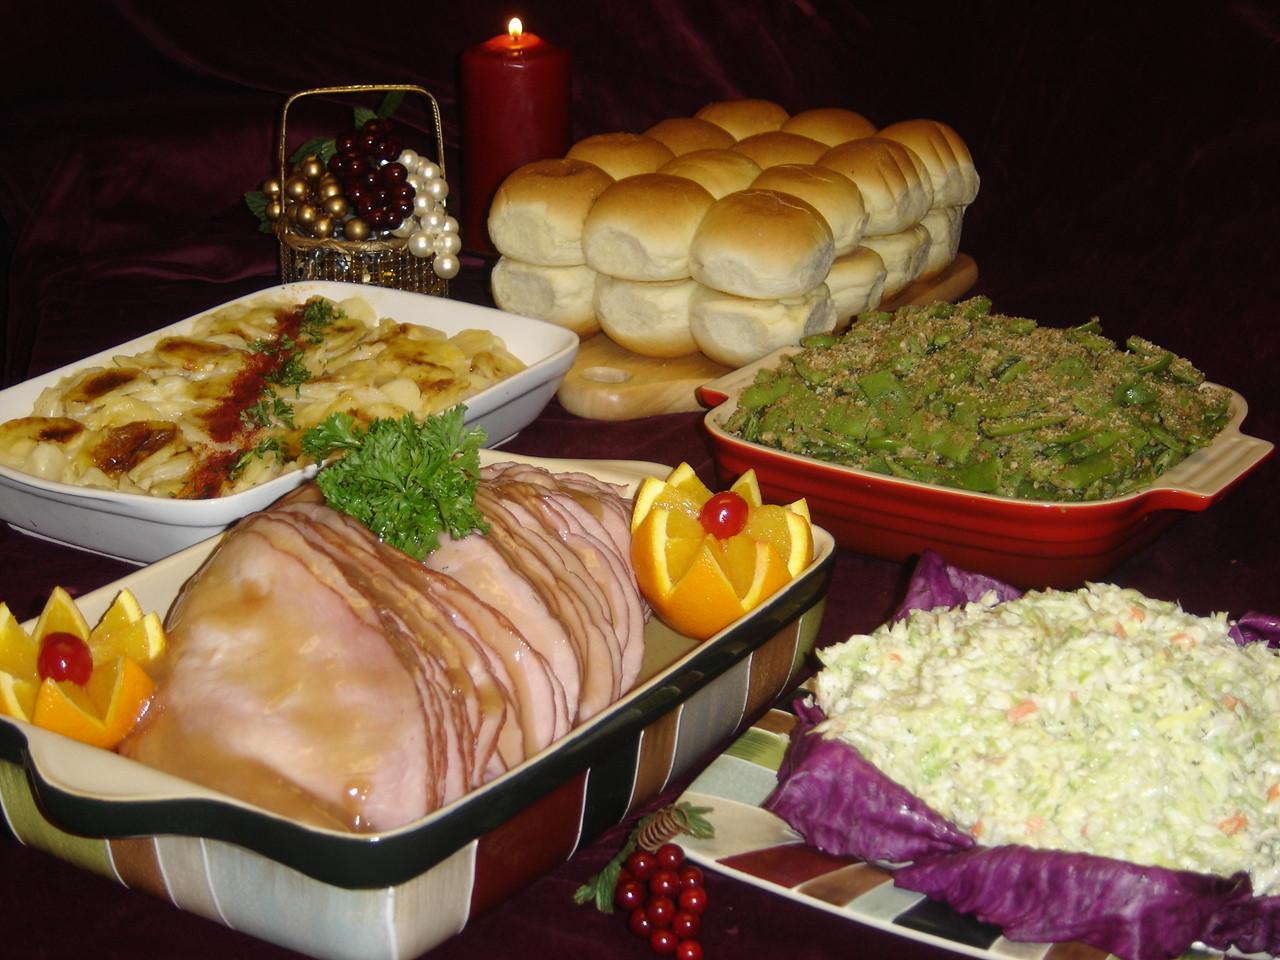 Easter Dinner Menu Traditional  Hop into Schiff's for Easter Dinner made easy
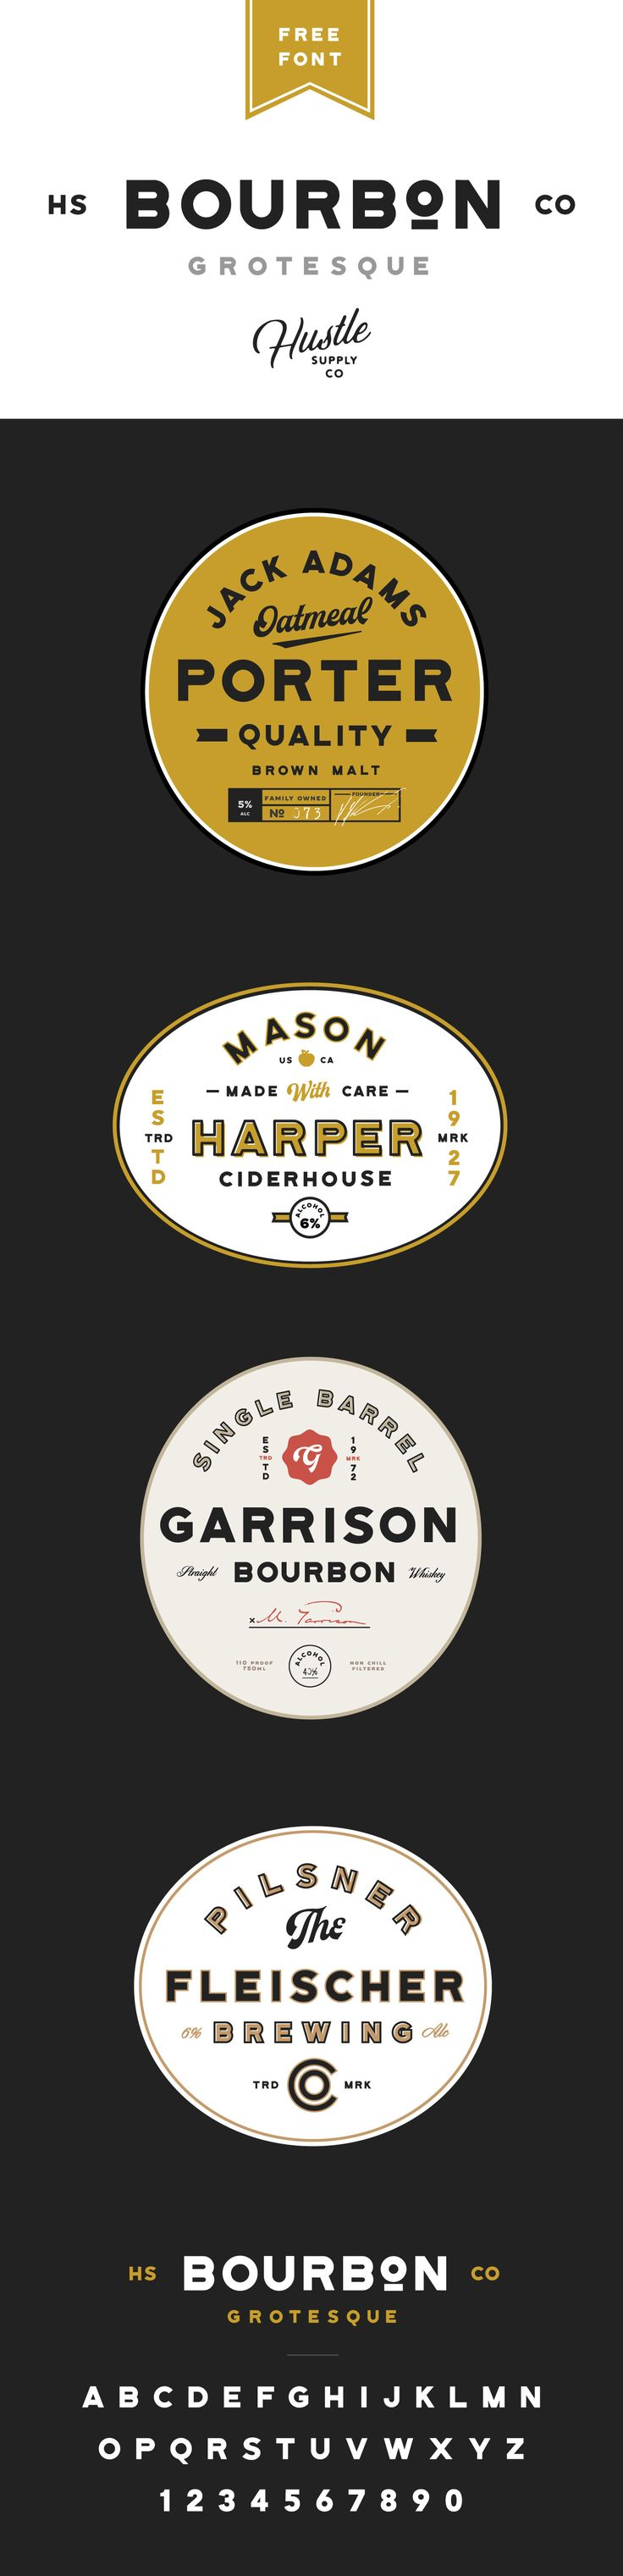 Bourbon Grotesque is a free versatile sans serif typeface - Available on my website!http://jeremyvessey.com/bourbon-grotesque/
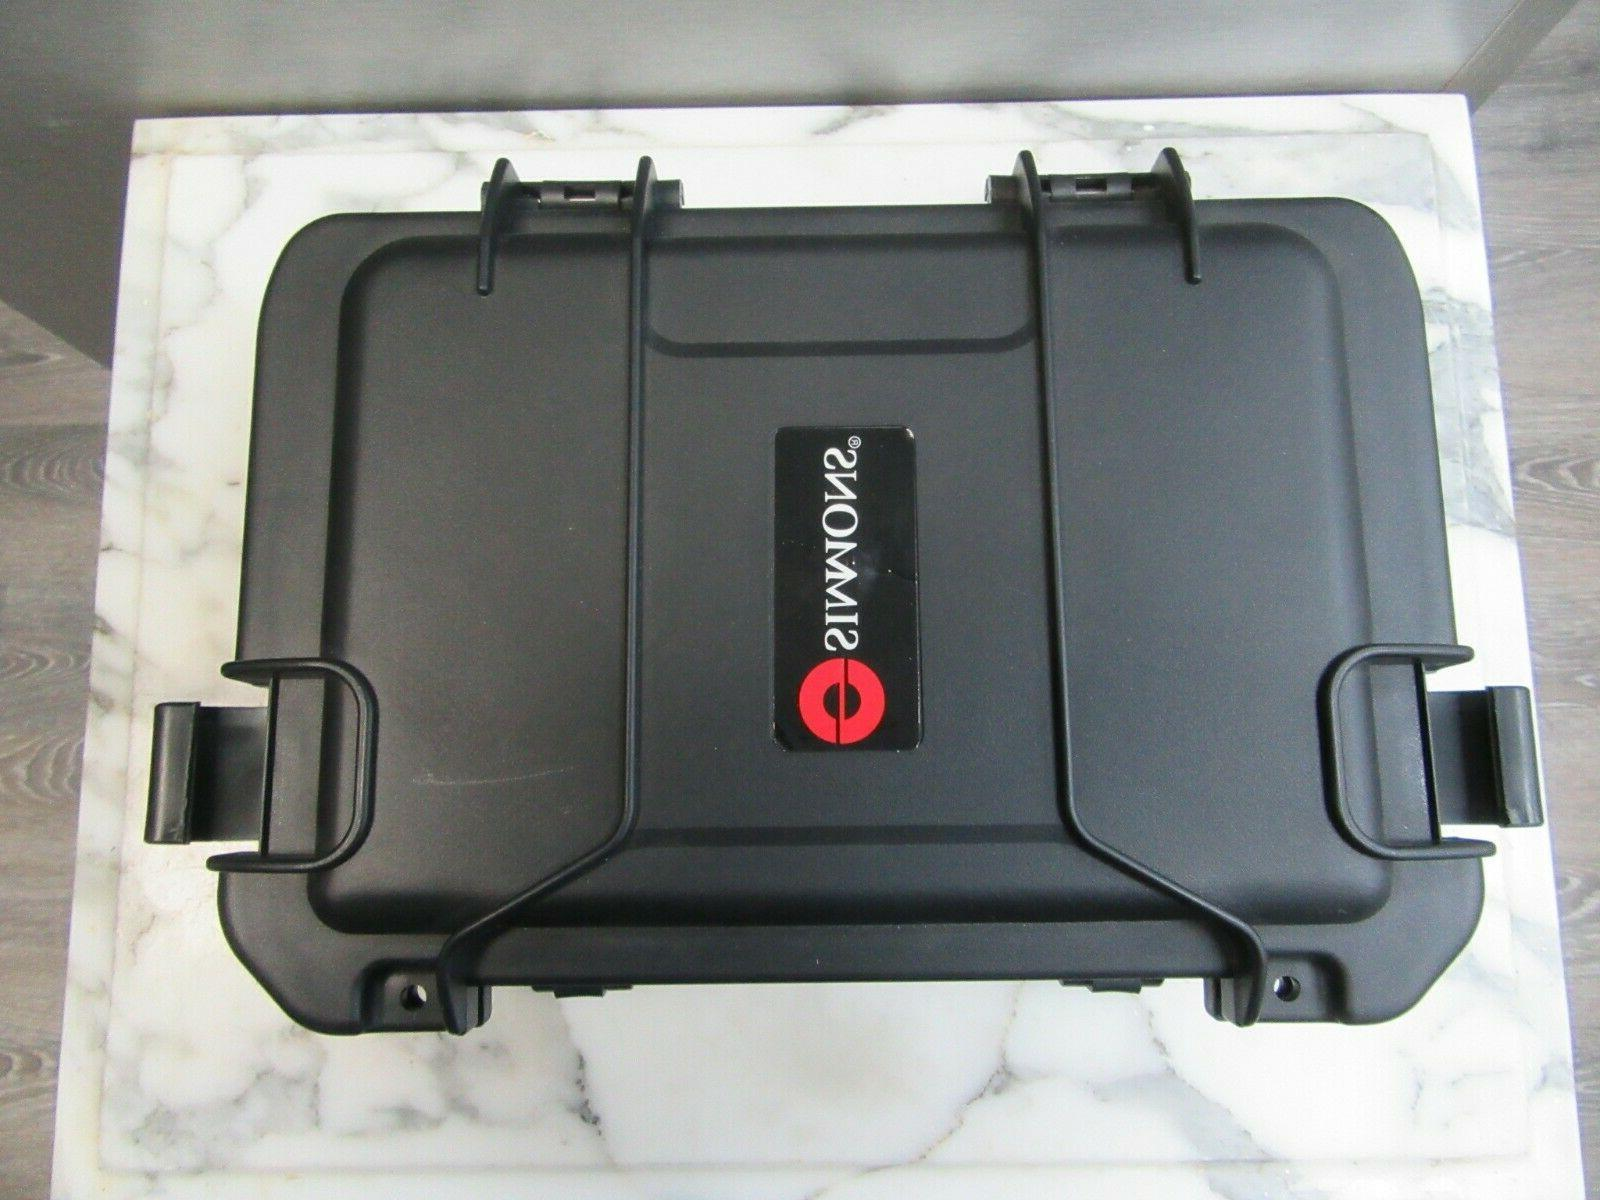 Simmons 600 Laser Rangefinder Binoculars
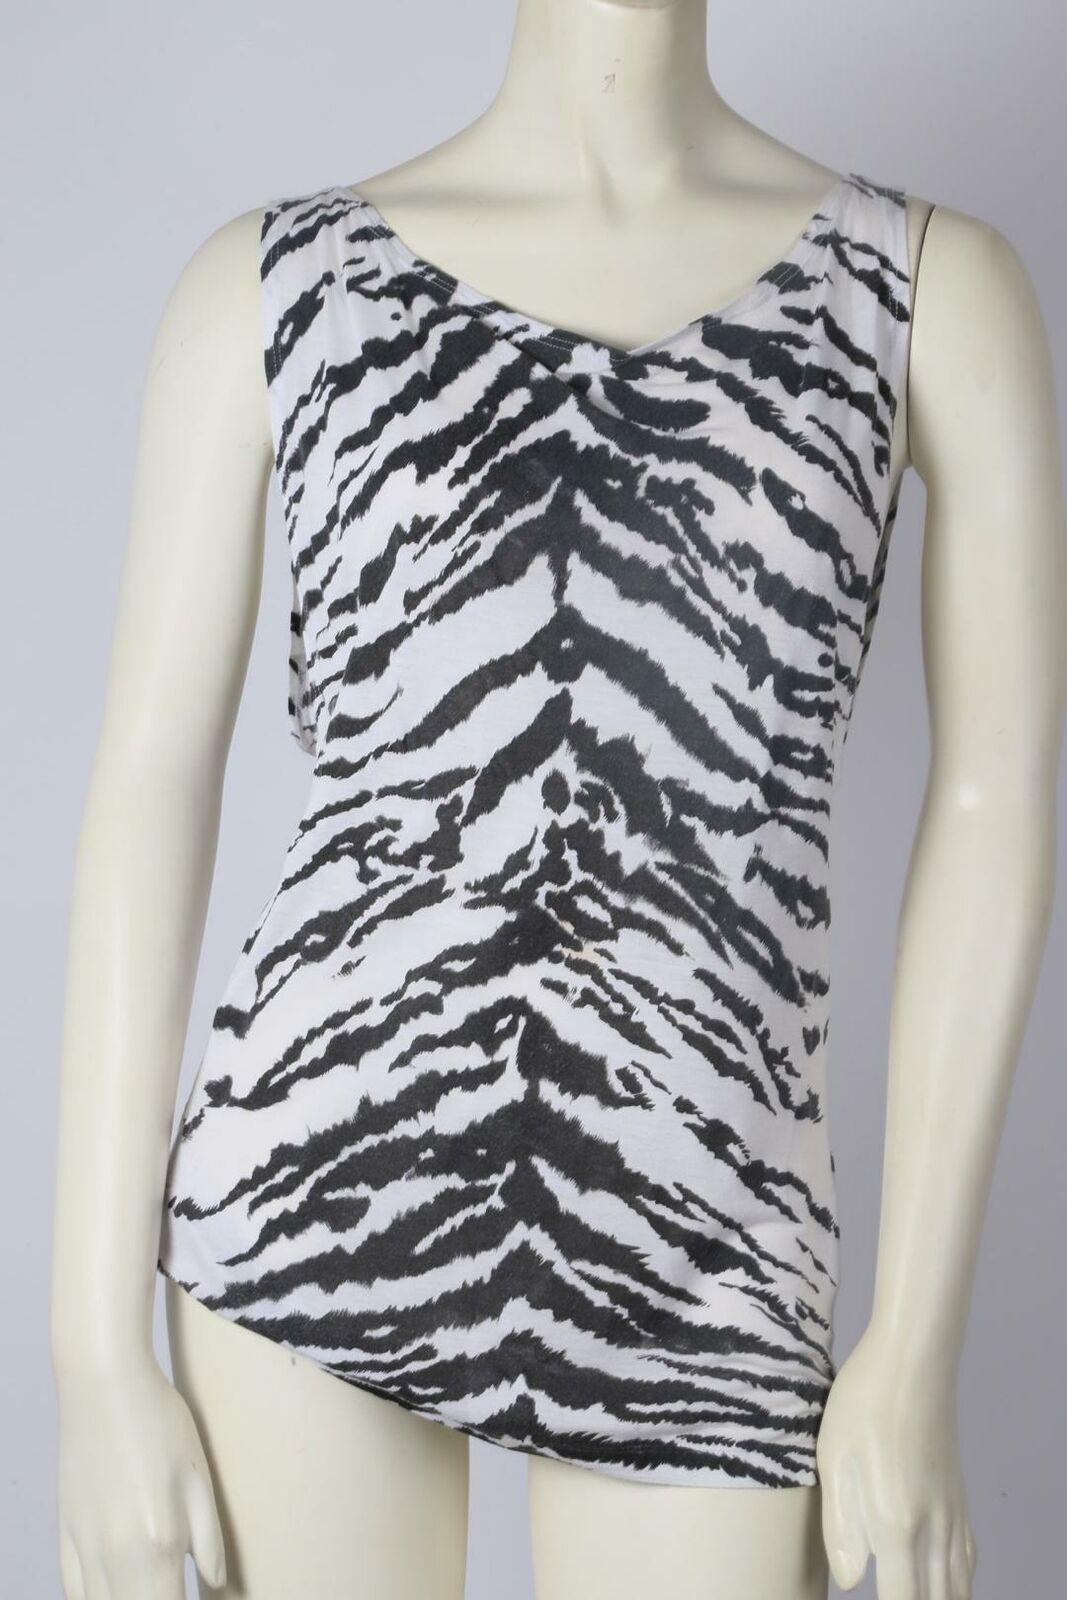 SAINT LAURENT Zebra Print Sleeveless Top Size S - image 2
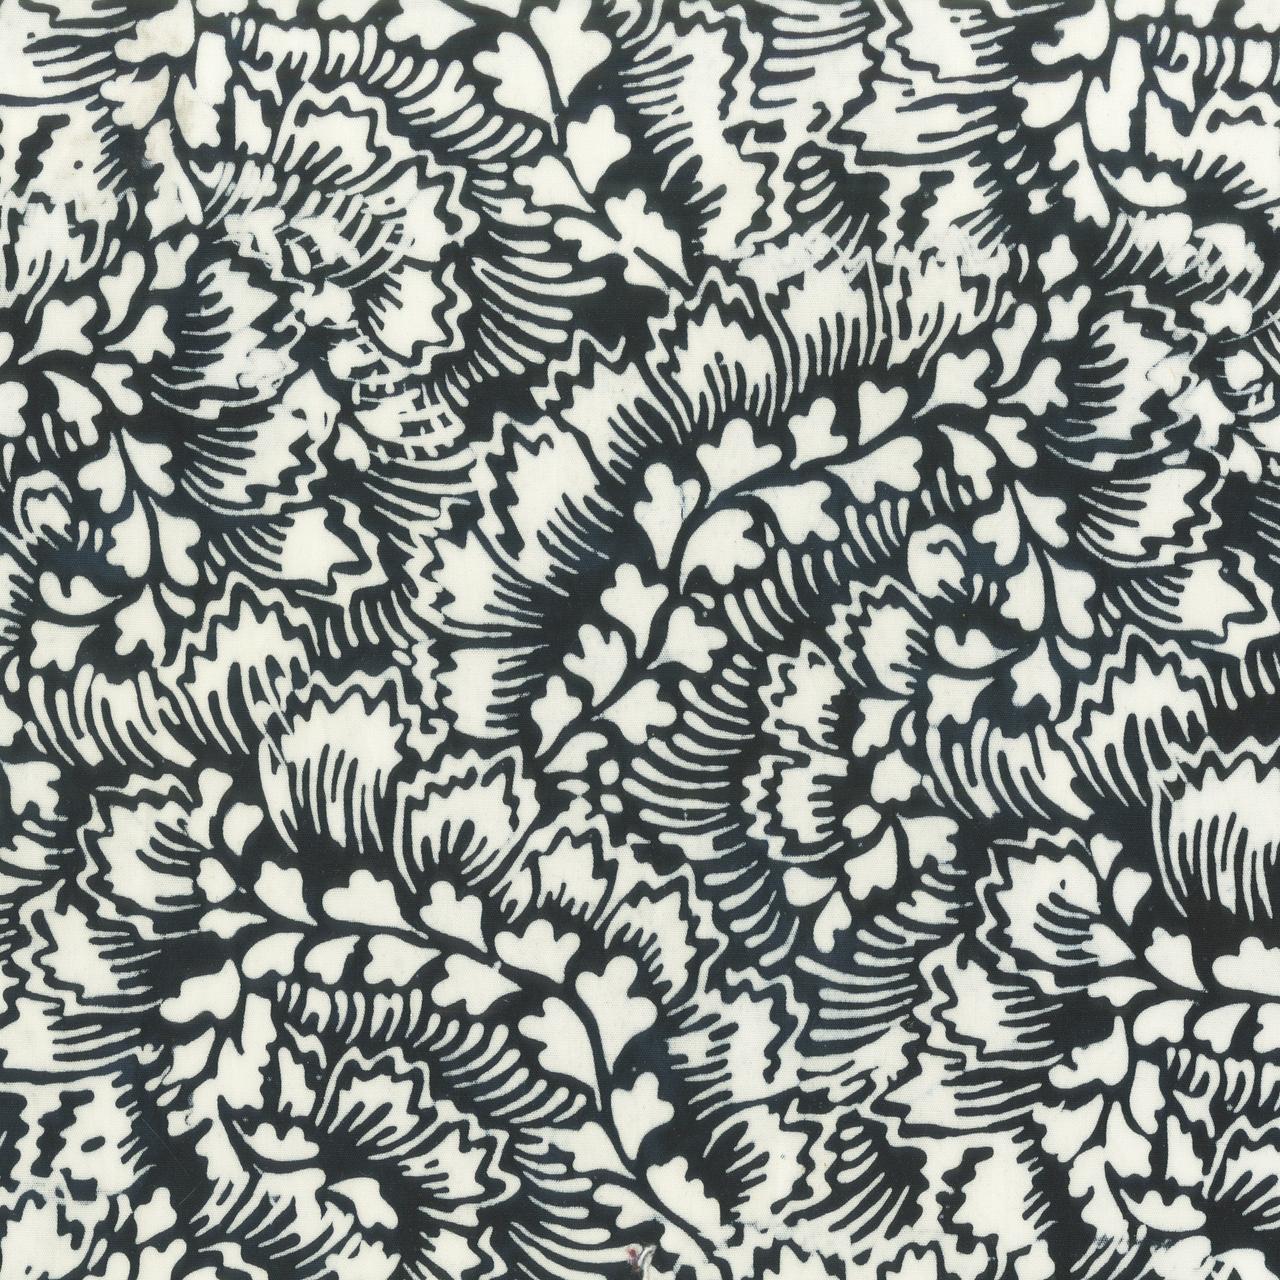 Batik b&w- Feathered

▶ **ASSIGNMENT**: Please repeat the lines above from the line containing "Bourbon Grotesque is" through the final line, both included, exactly as they stand and without pictures.

▶ **WRITTEN SOLUTION**:
 Bourbon Grotesque is a free versatile sans serif typeface - Available on my website!http://jeremyvessey.com/bourbon-grotesque/
 Simmons 600 Laser Rangefinder Binoculars
 SAINT LAURENT Zebra Print Sleeveless Top Size S - image 2
 Batik b&w- Feathered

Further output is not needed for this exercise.